(Stored data Opens)

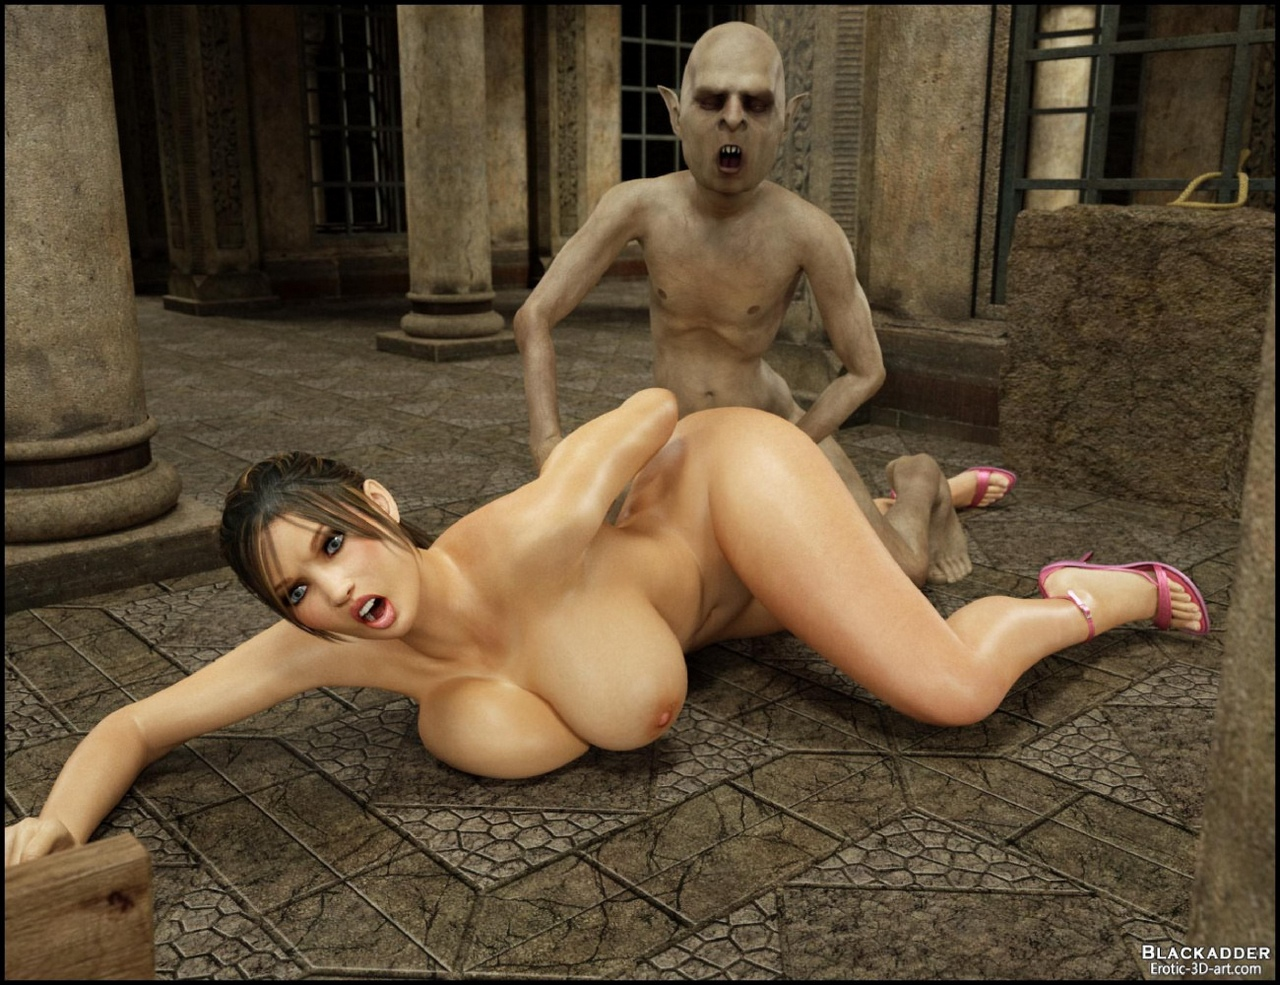 Pornomonster3d naked image
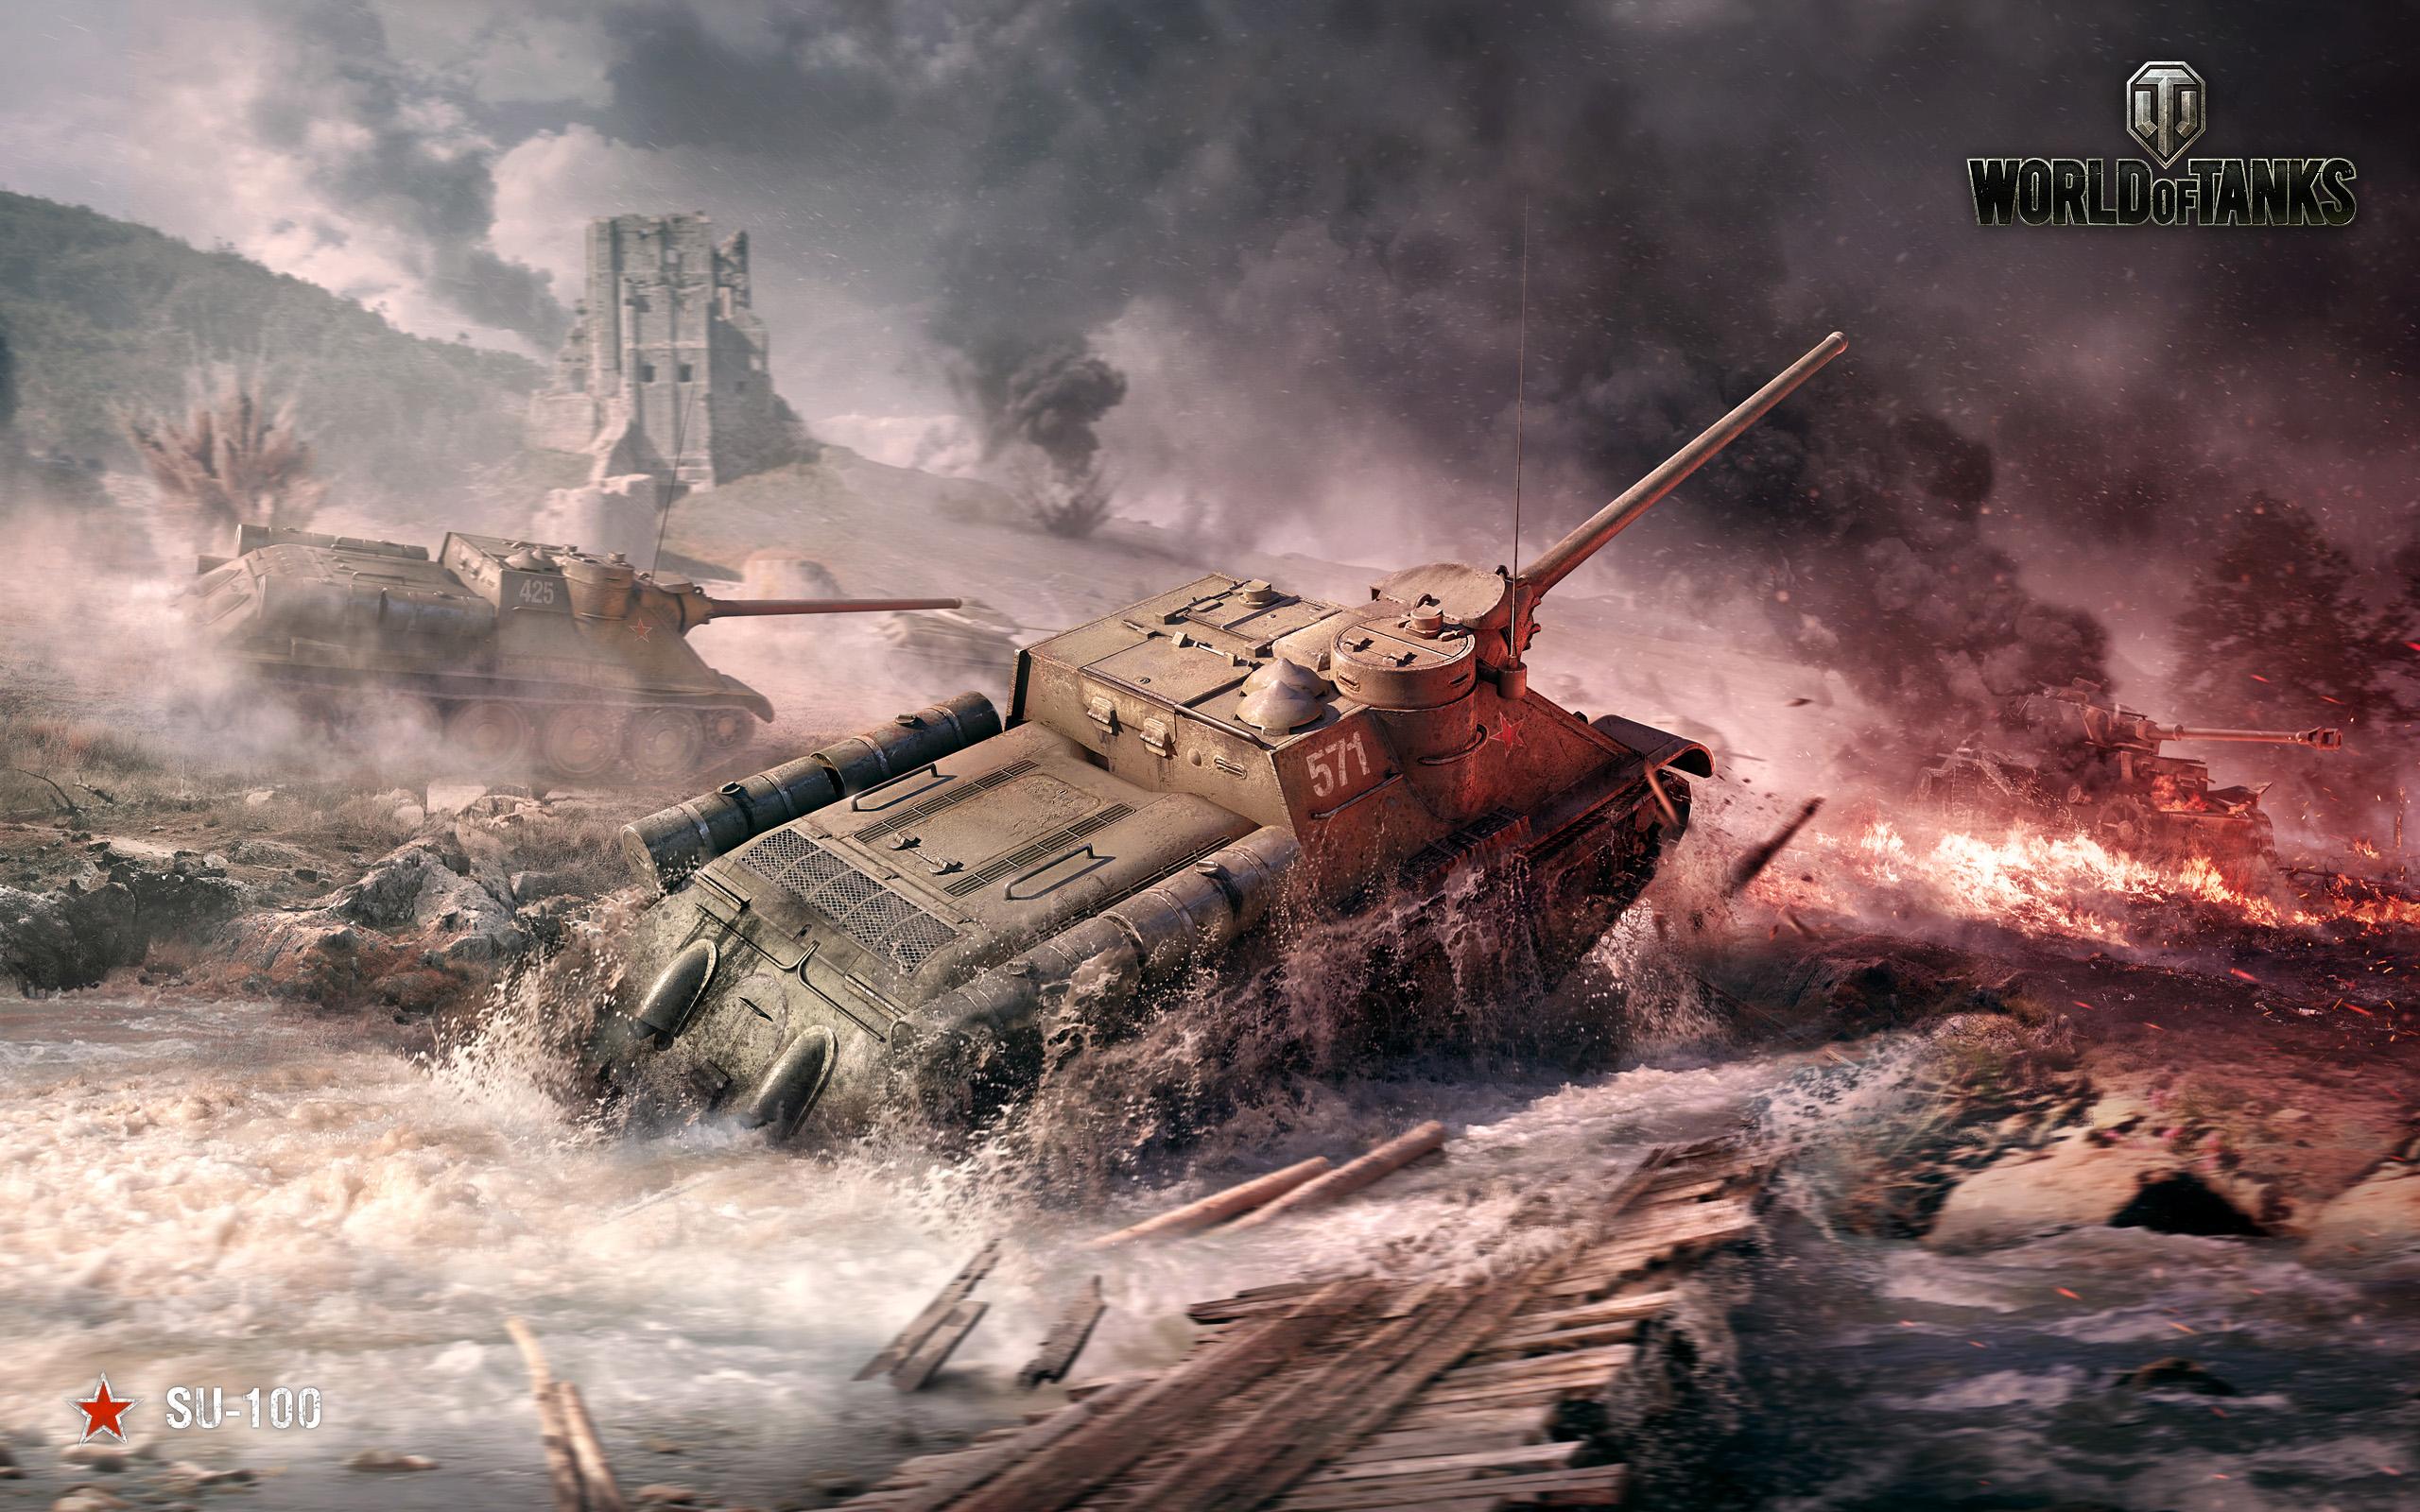 HD Wallpapers SU 100 World of Tanks
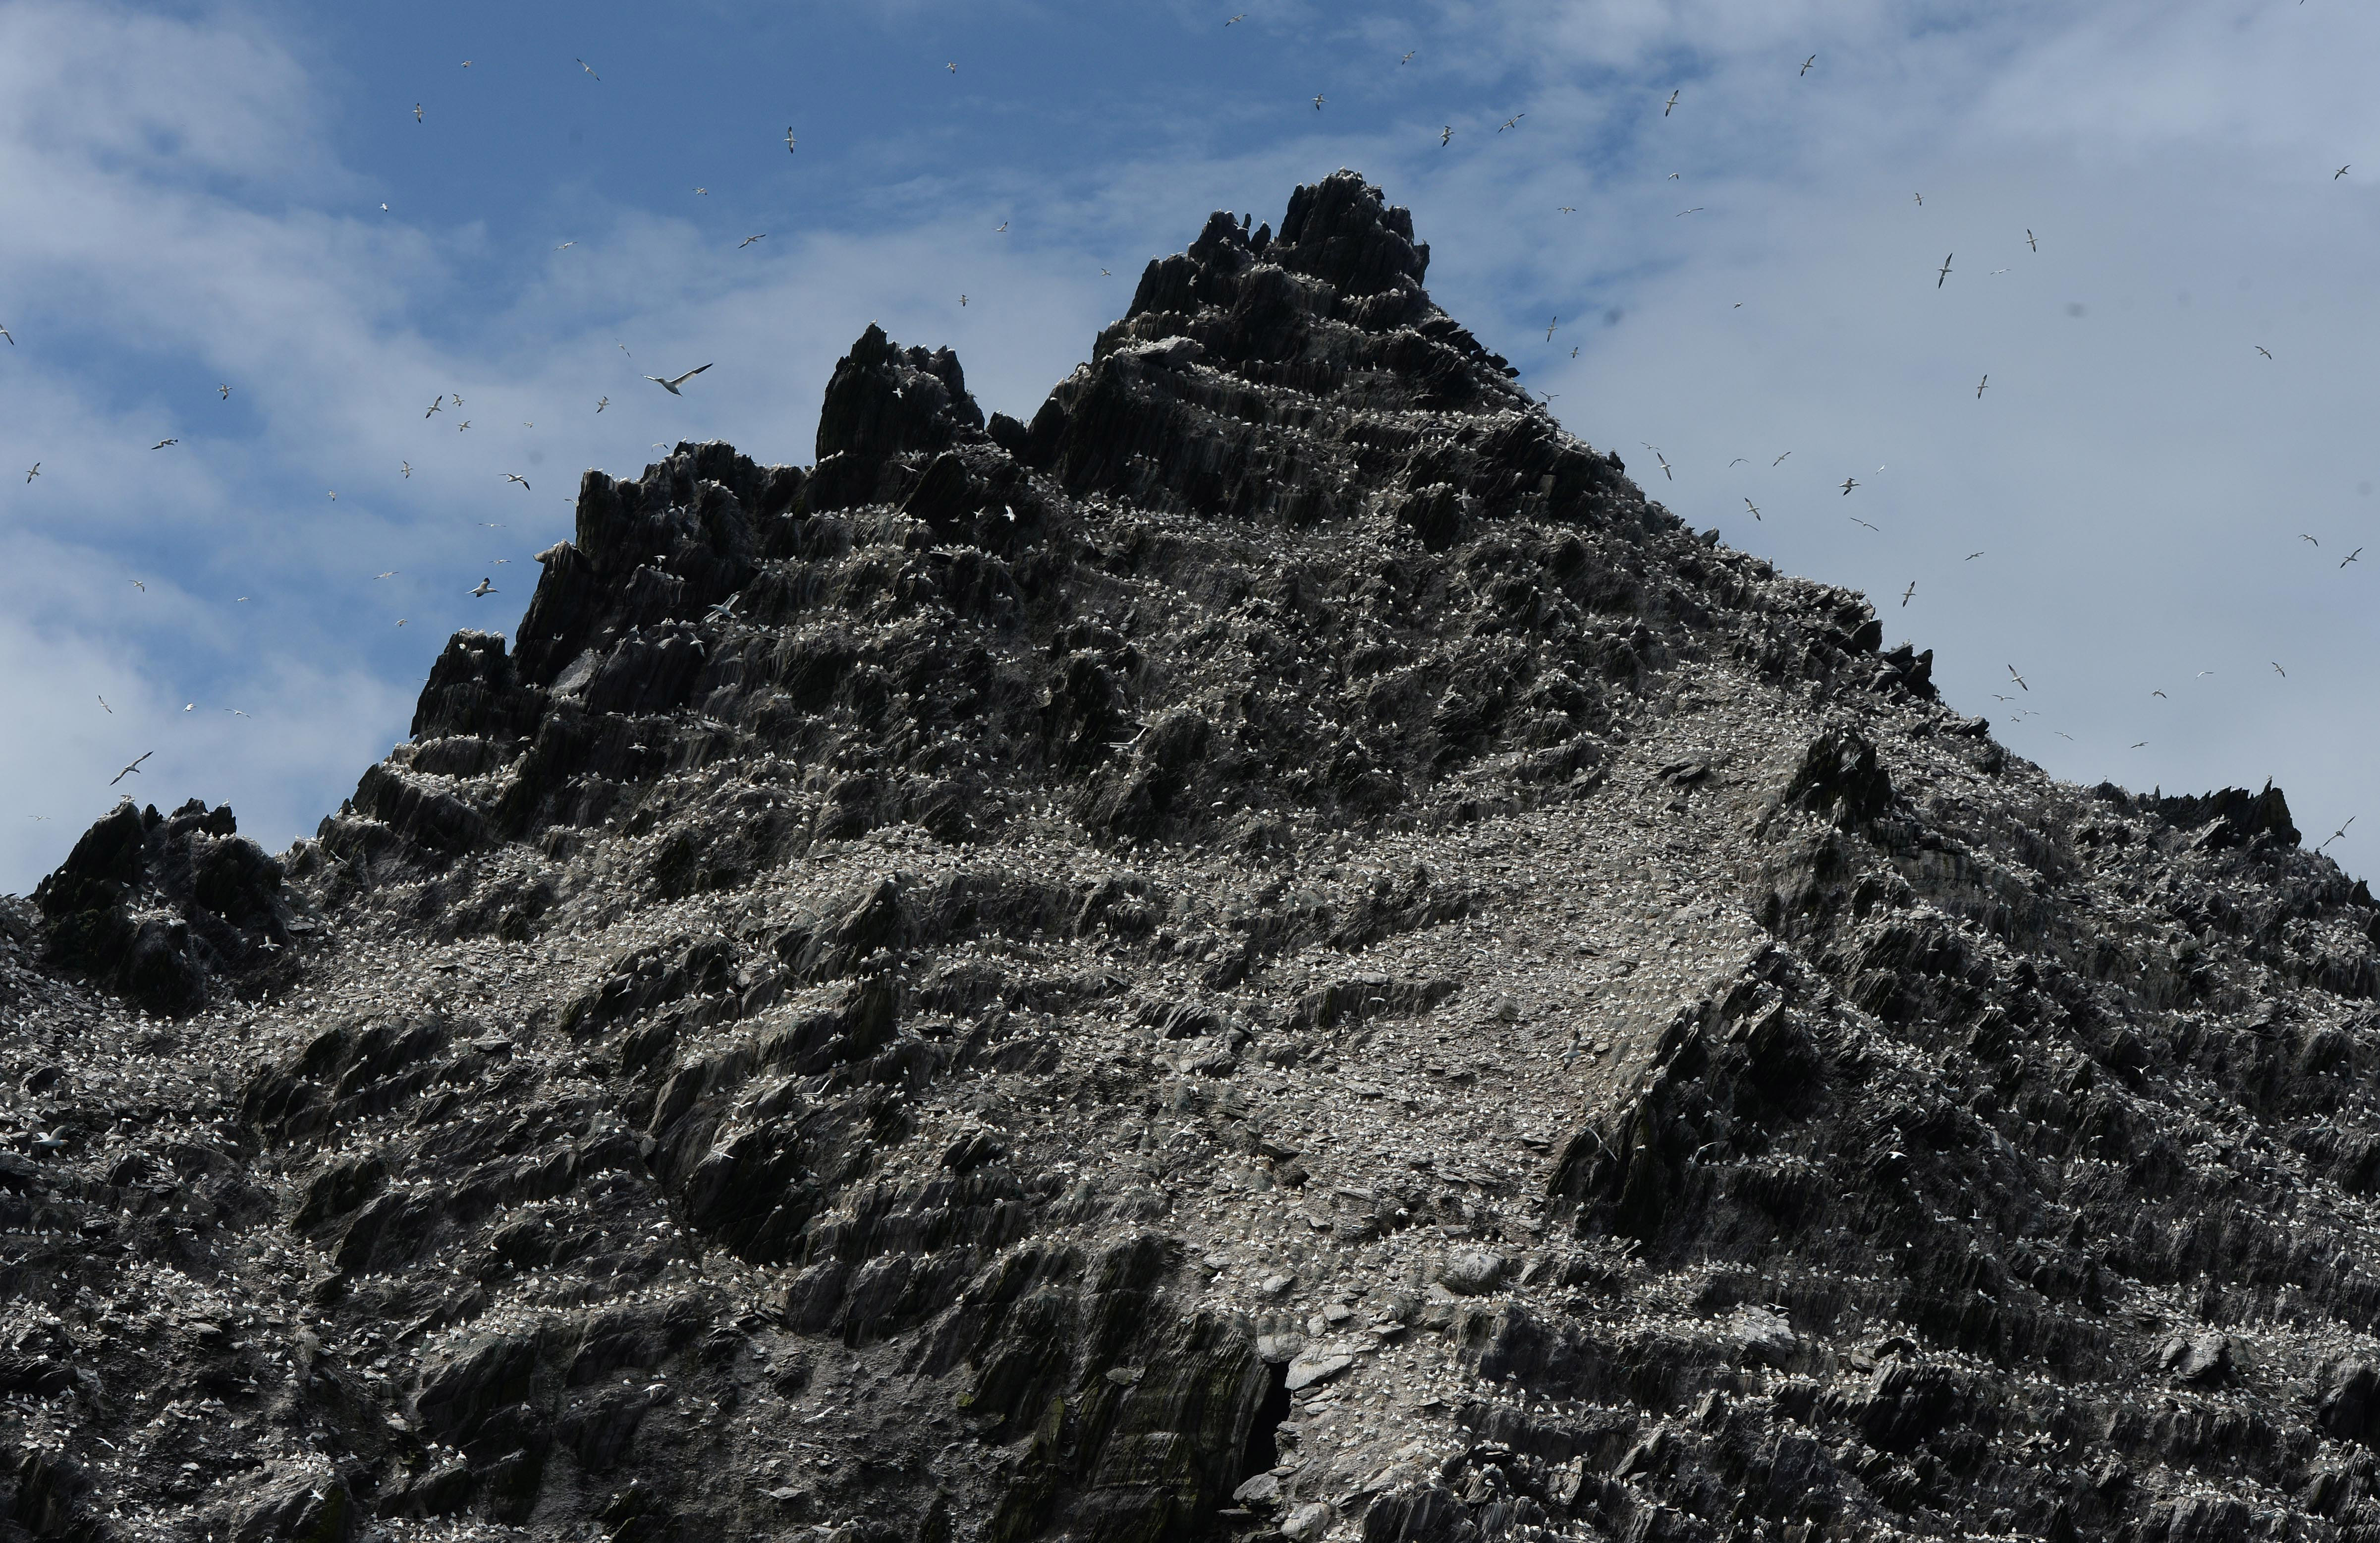 Birds on Skellig Michael island as Star Wars Episode VII directed by JJ Abrams begins filming, July 28, 2014 in Skellig island, Ireland.

(Stored data Closes)

Where pictures occur in the material above, omit them and return everything else exactly.

* Response to the exercise *
 Pornomonster3d naked image
 HD Wallpapers SU 100 World of Tanks
 Birds on Skellig Michael island as Star Wars Episode VII directed by JJ Abrams begins filming, July 28, 2014 in Skellig island, Ireland.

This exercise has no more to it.